Bridges Weekly Trade News Digest • Volume 5 • Number 35 • 16th October 2001
Prior Informed Consent Advances Towards Full Convention Status
From 8-12 October, delegates from over 110 countries gathered at the UN Food and Agriculture Organisation in Rome to continue negotiating the Rotterdam Convention on the Prior Informed Consent Procedure for Certain Hazardous Chemicals and Pesticides in International Trade (PIC). According to observers, the PIC Intergovernmental Negotiating Committee (PIC-INC-8) worked diligently throughout the week putting to rest several outstanding issues while bringing the Convention one step closer to full ratification. PIC is intended to regulate the trade of chemicals and pesticides by providing information on the regulatory status of certain hazardous substances, notably to developing countries often lacking the infrastructural capacity to ascertain the level of risk associated with these substances.
Given that PIC is not yet legally binding it has the status of a voluntary agreement and operates according to an interim procedure. As such, much of PIC-INC-8 was spent fine-tuning the rules that will govern its transition from a voluntary agreement to a fully binding convention under international law. Negotiators also focused their attention on the rules governing conflicts of interest which may arise within the PIC Chemical Review Committee (CRC), a sub-committee of chemicals experts mandated to oversee the inclusion of chemicals subject to the PIC Convention.
For their part, both the US and Canada asserted that CRC experts should be permitted to maintain industry affiliations while serving on the committee, while the EC argued that experts should function independently of such interests. The issue went unresolved at PIC INC-8 and will likely be taken up at PIC INC-9, scheduled for 30 September-4 October 2002 in Bonn, Germany.
While developing country participation in the PIC negotiation is quite strong, many developing country representatives felt that more could still be done to encourage their participation in the implementation of the Convention. To this end, the PIC Secretariat underscored its efforts to provide more sub-regional implementation workshops for developing countries and economies in transition. However, funding for such workshops and technical and infrastructural capacity building remains limited. According to some observers, funding for such activities is minimal since development assistance so strongly emphasises the objective of poverty reduction while the economic benefits of a strong PIC remain relatively obscure and difficult to ascertain.
Considerable discussion was also given to PIC’s relationship with the UNEP international environmental governance process, a process many feel will strengthen global environmental governance by integrating similar MEAs in the so-called chemicals cluster, notably the Stockholm (persistent organic pollutants) and Basel (hazardous wastes) Conventions. Talk of integrating the MEAs is topical as international environmental governance receives increasing attention in the lead-up to both the WTO Ministerial scheduled for November and the World Summit on Sustainable Development (WSSD) scheduled to take place in Johannesburg, South Africa in September 2002.
Thus far, of the 73 countries and regional economic integration organisations that have signed the Rotterdam Convention, 16 have ratified it.
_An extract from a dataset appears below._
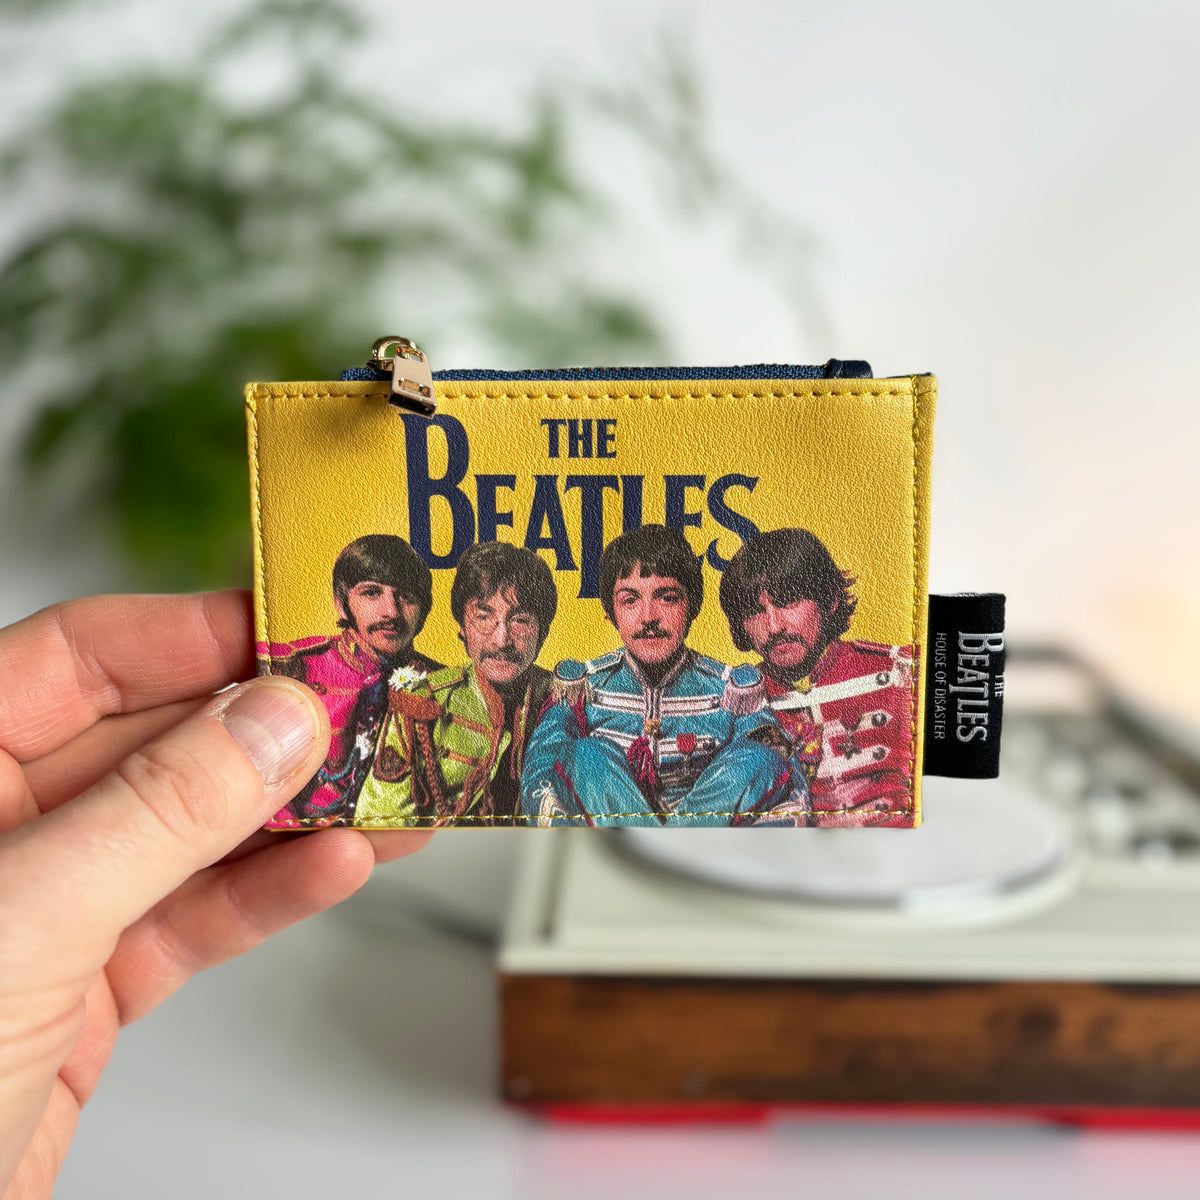 The Beatles Sgt. Pepper Zip Purse

The Convention requires 50 ratifications before becoming a legally binding body of law. While it is the ambitious hope of many optimists to have the Rotterdam Convention fully ratified by the WSSD, several observers close to the process are of the view that its full ratification will likely not happen for least another two years.
"Report of the Eighth Session of the INC for an International Legal Binding Instrument for the Application of the Prior Informed Consent Procedure for Certain Hazardous Chemicals and Pesticides in International Trade: 8-12 October 2001," EARTH NEGOTIATIONS BULLETIN, 15 October 2001; ICTSD Internal Files.